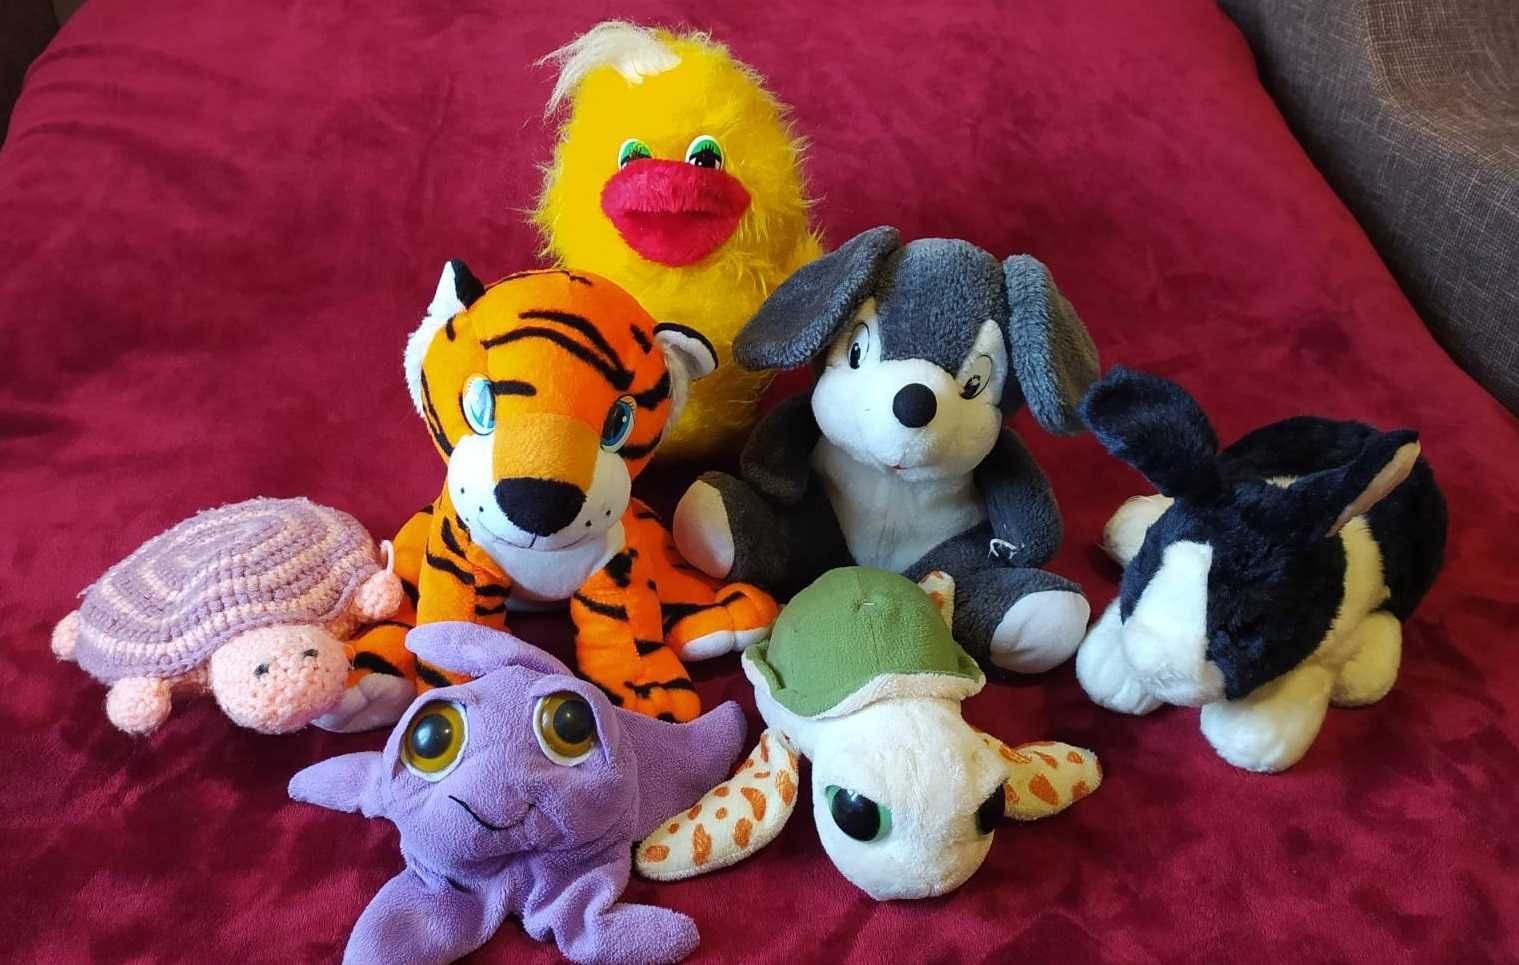 М'які іграшки
Качка, зайчик, мишка, черепахи, тигр та морська зірка
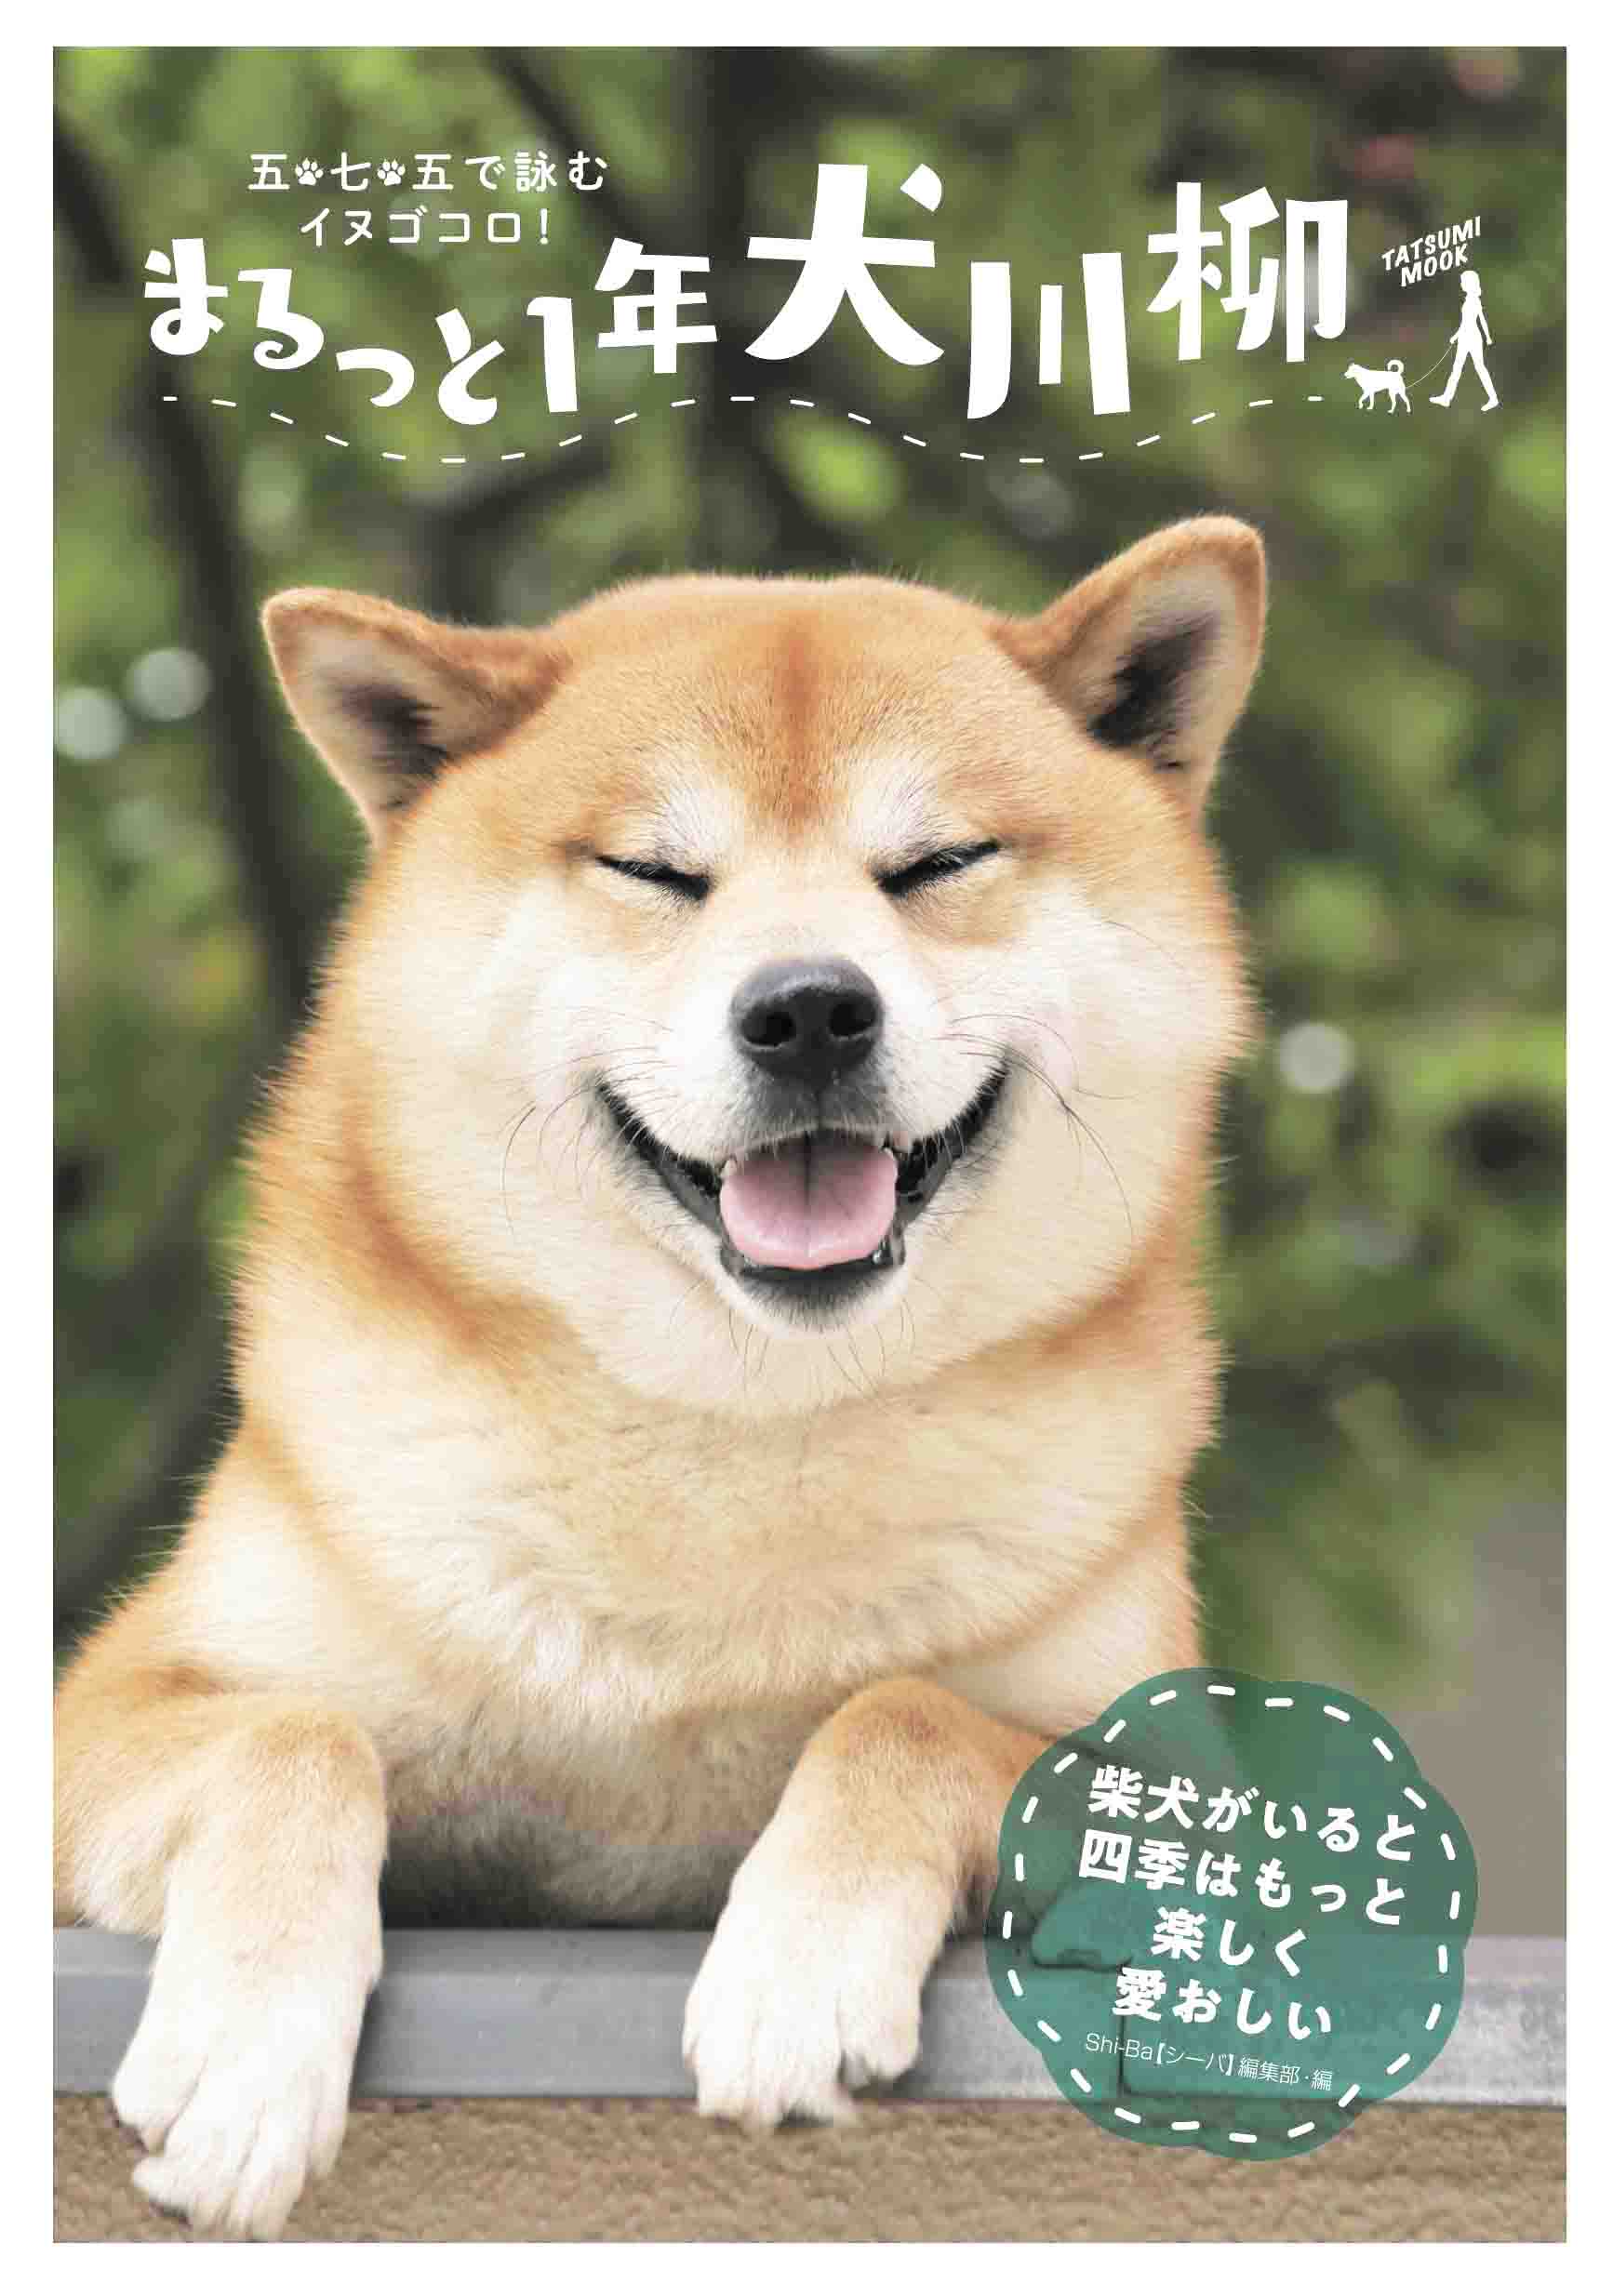 今年も発売 犬川柳 最新刊で川柳募集をスタート Shi Ba シーバ プラス犬びより 犬と楽しく暮らす 情報マガジン

--------------------------------

**Task goal**
Give again, word for word, the lines above from the one with "Качка, зайчик, мишка, черепахи, тигр" through the final line of the data, both ends included. Do not copy any picture.

**Solved problem**
Качка, зайчик, мишка, черепахи, тигр та морська зірка
 今年も発売 犬川柳 最新刊で川柳募集をスタート Shi Ba シーバ プラス犬びより 犬と楽しく暮らす 情報マガジン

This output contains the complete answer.